En la bacteria, una bacteria nunca va a producir insulina artificialmente, pero las bacterias
recombinantes por medio de esta tecnología puede producir grandes cantidades de
insulina, y esto hace que los costos sean mas baratos por q Ud. puede cultivar litros y litros
de las bacterias, y puede ser purificado ml y gr de insulina, q es la q le venden a los
diabéticos para su tratamiento. Los bacteriófagos lambda son otro grupo vectores q tienen
reemplazamiento y simplemente es quitarle un pedazo y reemplazarlo por otro, tiene la
ventaja q puede trabajar con pedazos mas grandes, ya q lambda tiene una doble vía; lítica
y lisogenica.
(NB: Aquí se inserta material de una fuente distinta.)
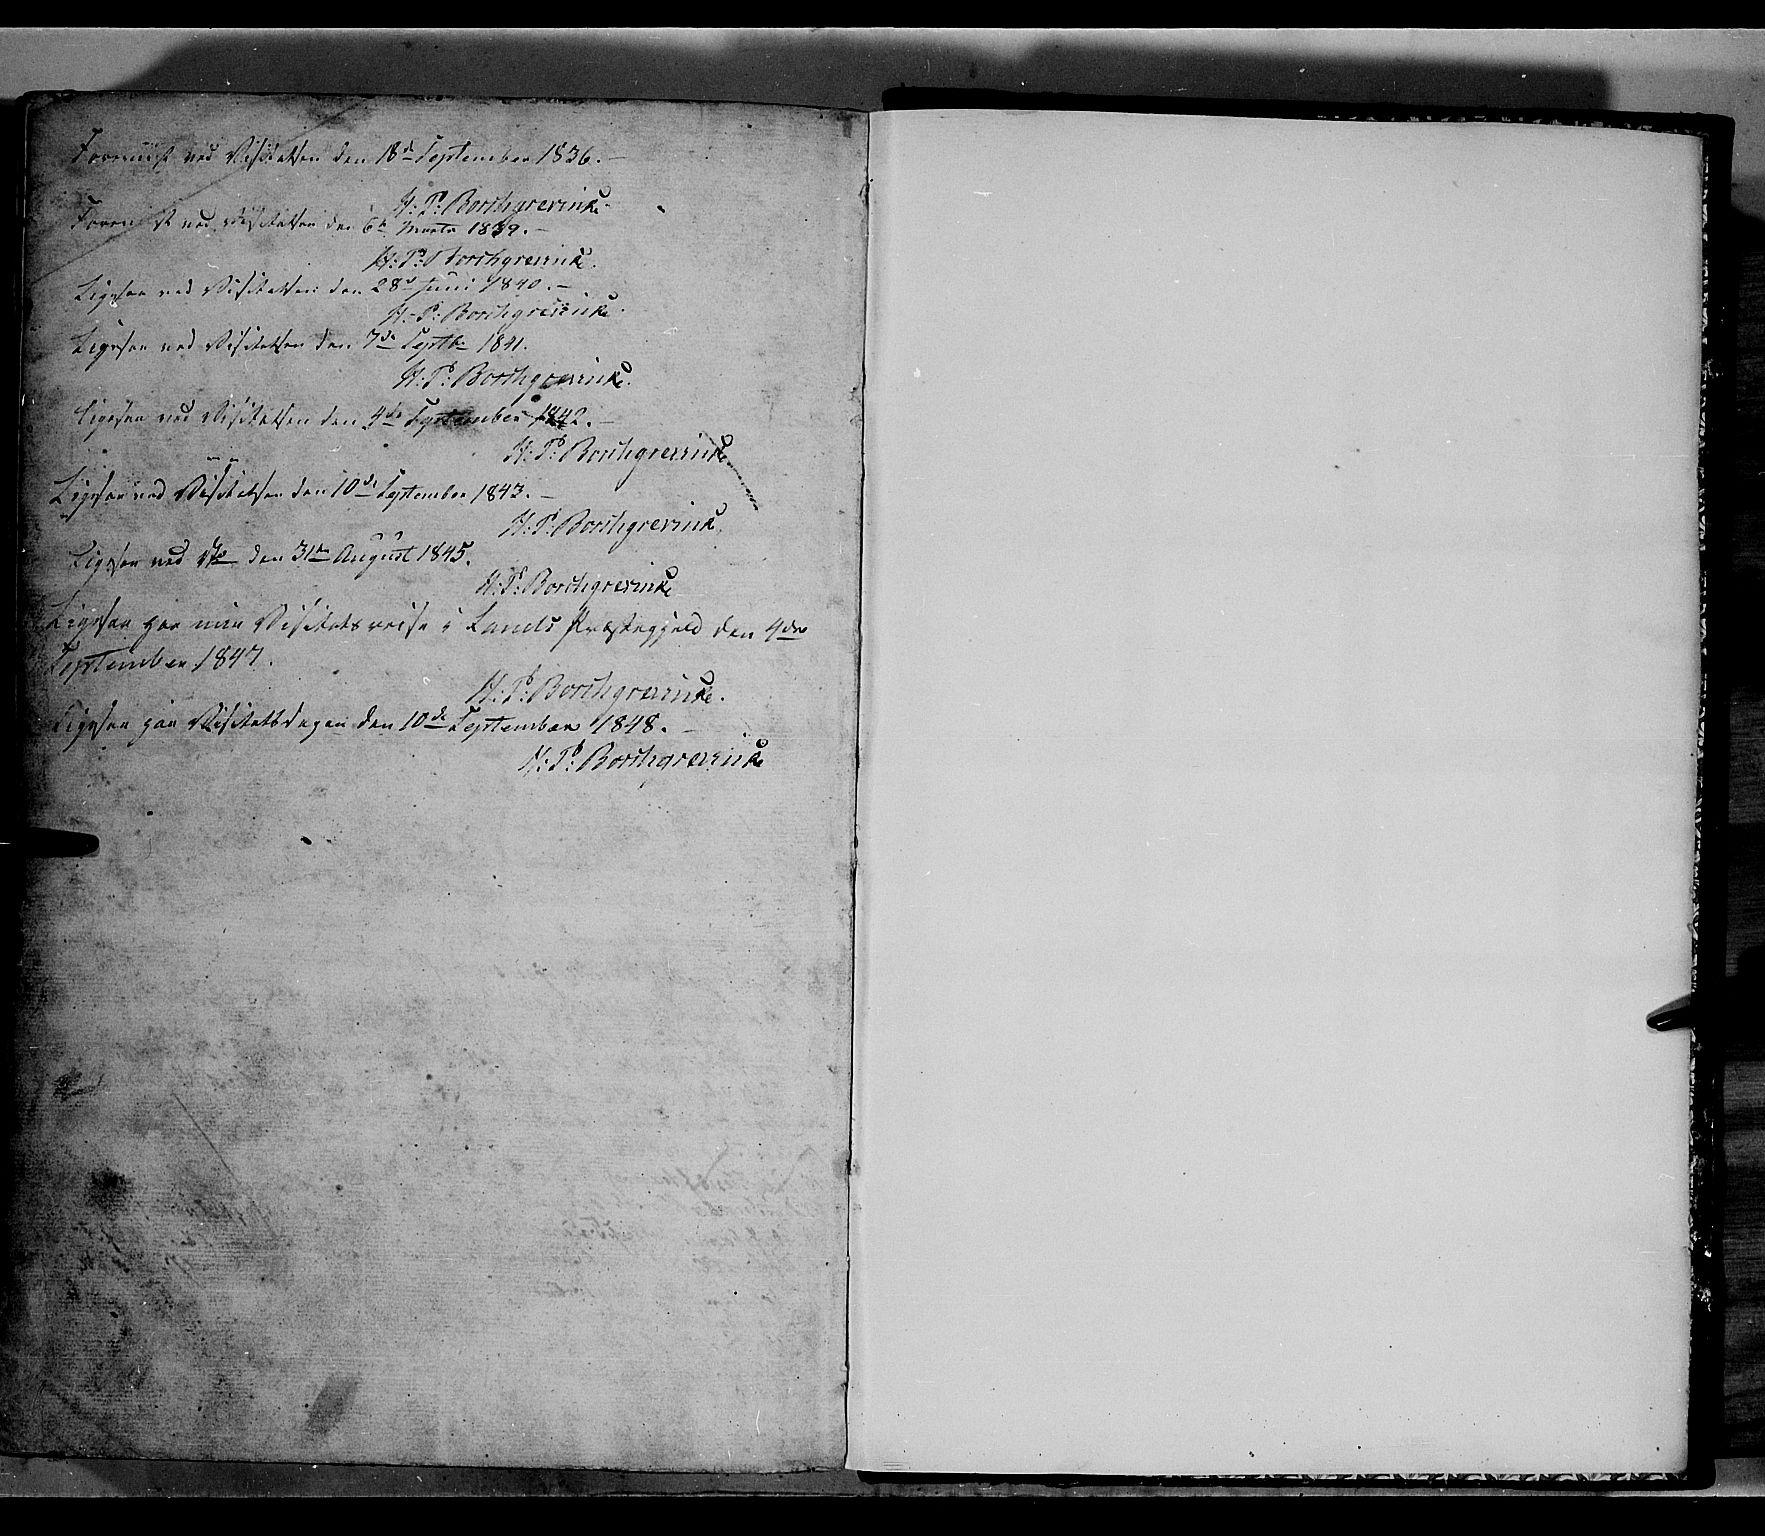 SAH, Land prestekontor, Klokkerbok nr. 2, 1833-1849, s. 278

Si le quito los genes de lisogenia y lo reemplazo por un pedazo extraño d DNA,
conservo las características y por tanto puedo producir más partículas virales
recombinantes, entonces en lugar de colonias de bacterias, voy a tener poblaciones de
virus recombinantes.
La colección de todos los bacteriófagos q contengan todos los pedazos de DNA seria una
geneteca genómica de lambda, la ventaja es q puedo tener fragmentos mas grandes.
Los cosmidos tienen una doble vida, por q pueden estar en una capside viral como clones
infecciosos y una vez q llegan a la bacteria pasan replicarse como plásmidos, entonces se
pueden manejar como plásmidos y puedo utilizar las partículas virales cosmídales para
infectar bacterias, q gana ahí??... mas cantidad de DNA, ya q cuando se hacen genetecas
entre mas grande sea el pedazo de DNA q se va a clonar, mejor, x q habrá menos
recombinantes.
Para crear cDNA básicamente se tienen q aislar los mensajeros, a partir de cromatografía,
q permite seleccionar solamente algunos RNA q tengan poli As, esto se someten a una
retro transcripción por medio d la transcriptasa reversa y lo q se obtiene es una molécula
de cDNA q es copia del RNA, q se llama cDNA copia o complementario, la desventaja es q
no hay sitios, puedo generar los sitios cohesivos cortando con la enzima o adicionando
pedacitos de DNA q tengan sitios de restricción, entonces genero extremos cohesivos y
puedo clonar el plásmido o el virus.
Una cosa interesante en los plásmidos es q puedan ser transmisibles, es decir q puedan
transmitirse a las generaciones siguientes.